Clinical Trial Summary

Immune therapies, such as a IL-2, for metastatic renal cell carcinoma (mRCC) are designed to mobilize immune effector cells that recognize and destroy cancer. The investigators have recently observed a 50% objective response rate (16% CR) in mRCC patients treated with autologous tumor lysate -dendritic cell (DC)-vaccine, IL-2 and interferon alfa (IFN). New agents inhibiting vascular endothelial growth factor (VEGF) pathways have demonstrated significant benefit in mRCC patients as well, but rarely induce CRs. High blood VEGF is associated with poor response to IL-2 and can cause tumor specific immune dysregulation. To test whether complementary mechanisms of immune activation and disruption of regulatory pathways enhance outcome the investigators plan to treat 24 mRCC patients in a phase II trial using bevacizumab, DC vaccine, IL-2, and IFN. Observations from this project will be used in the development of novel cancer therapies which, if successful, will decrease the burden of cancer on the public.

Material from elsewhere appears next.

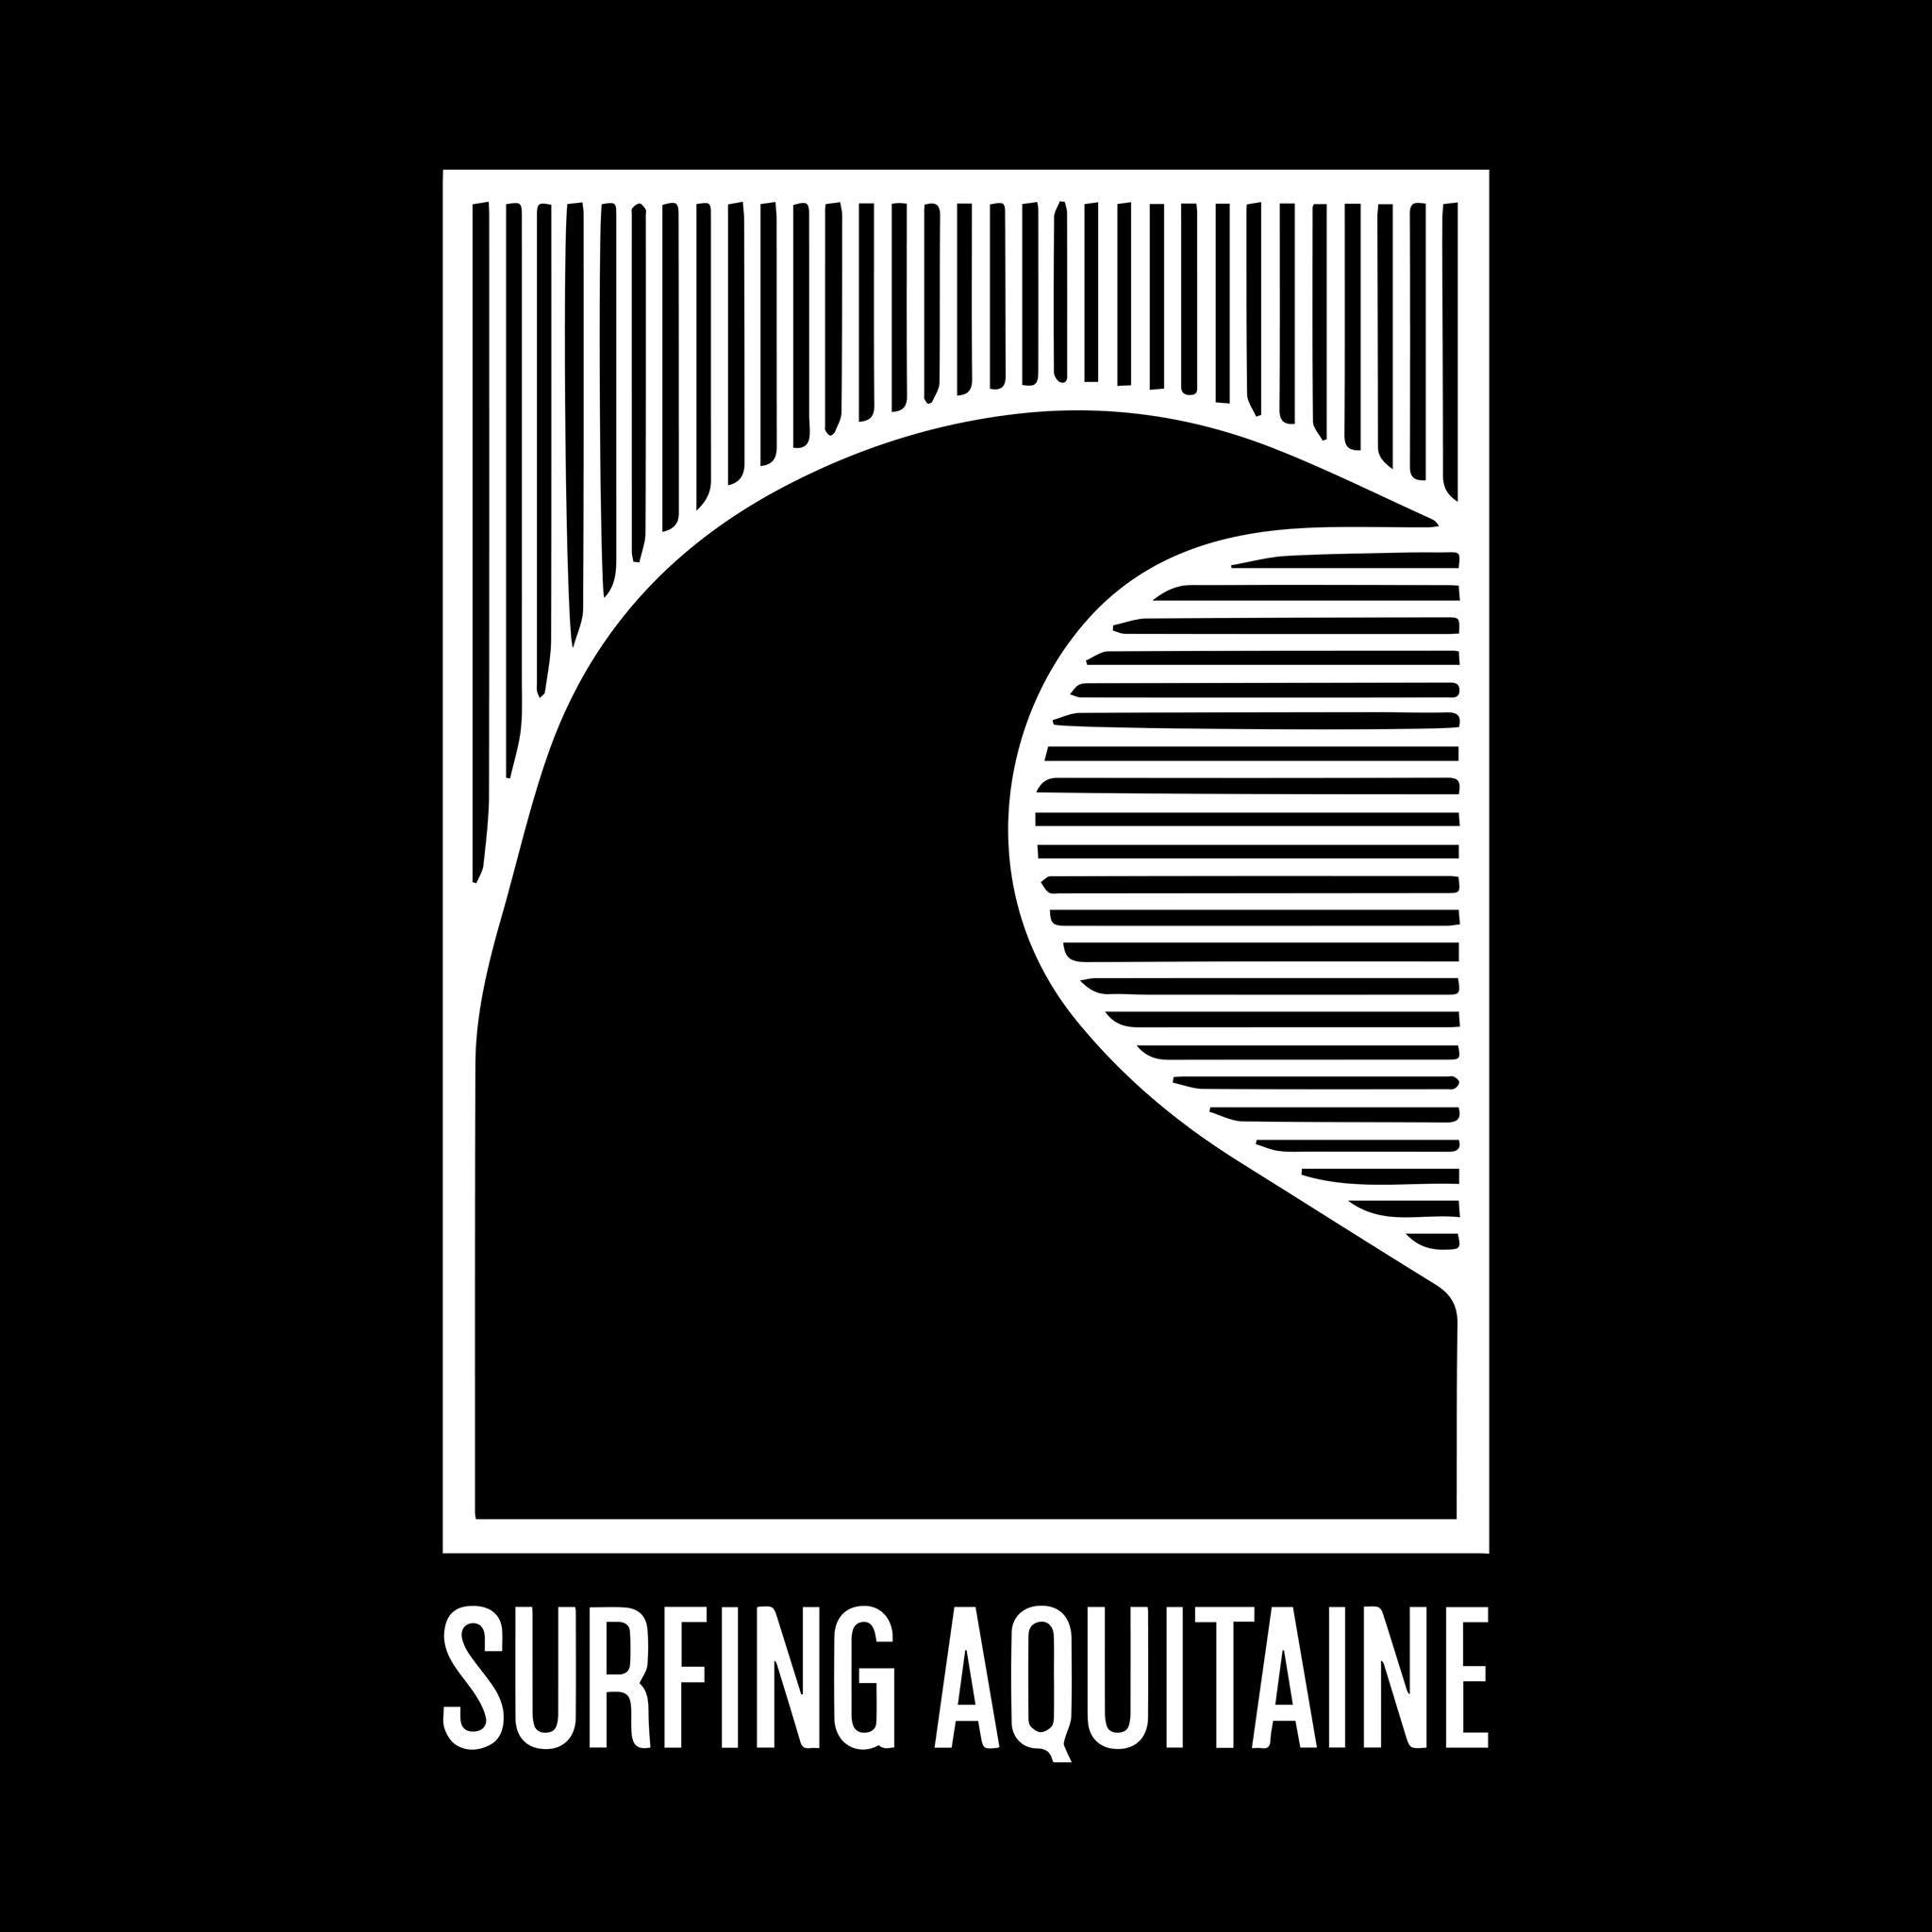 Ligue de Surf Aquitaine

The investigators propose to determine 1) the objective clinical response rate to treatment and progression free survival, 2) the clinical and autoimmune related toxicity profile of therapy, and 3) the treatment related tumor-specific immune response and the relationship of tumor-specific immune response and objective clinical response.

Description:

All eligible patients will receive a total of five treatment weeks, each consisting of approximately 5 days. Prior to therapy, patients will undergo apheresis for DC preparation. DC-Tumor vaccines will be frozen in 90% pooled human AB serum/ 10% DMSO to be used for treatment Patients will be dosed with bevacizumab (10mg/kg, Genentech) intravenously every two weeks beginning four weeks prior to the first vaccine. Each treatment week includes ultrasound guided intranodal DC-vaccine injection (1 X 107 cells/1mL), followed by 5 days of continuous intravenous infusion of IL-2 (18 MiU/m2, Novartis), and three subcutaneous injections of IFNa-2b (6 MiU, Schering -Plough Corp.) (every other day). The first two treatment weeks, the induction phase, will be separated by a 9 day rest. Three additional treatment weeks, the maintenance phase, will be separated by 23 rest days.

Recruitment information / eligibility

• Status: Terminated
• Enrollment: 8
• Est. completion date: January 2013
• Est. primary completion date: January 2013
• Accepts healthy volunteers: No
• Gender: Both
• Age group: 18 Years and older

Eligibility

Inclusion Criteria:

1. Histologically confirmed metastatic renal cell carcinoma with measurable disease.

2. Adequate tumor tissue properly stored and available to produce lysate for a minimum of three vaccine preparations.

3. Patients must be at least 4 weeks from their last therapy (tyrosine kinase inhibitors, immunotherapy, radiation, surgery or chemotherapy (6 weeks for nitrosureas) and recovered from all ill effects.

4. Have measurable disease.

5. Patients must be at least 4 weeks from major surgery, 1 week from minor surgery, and recovered from all ill effects.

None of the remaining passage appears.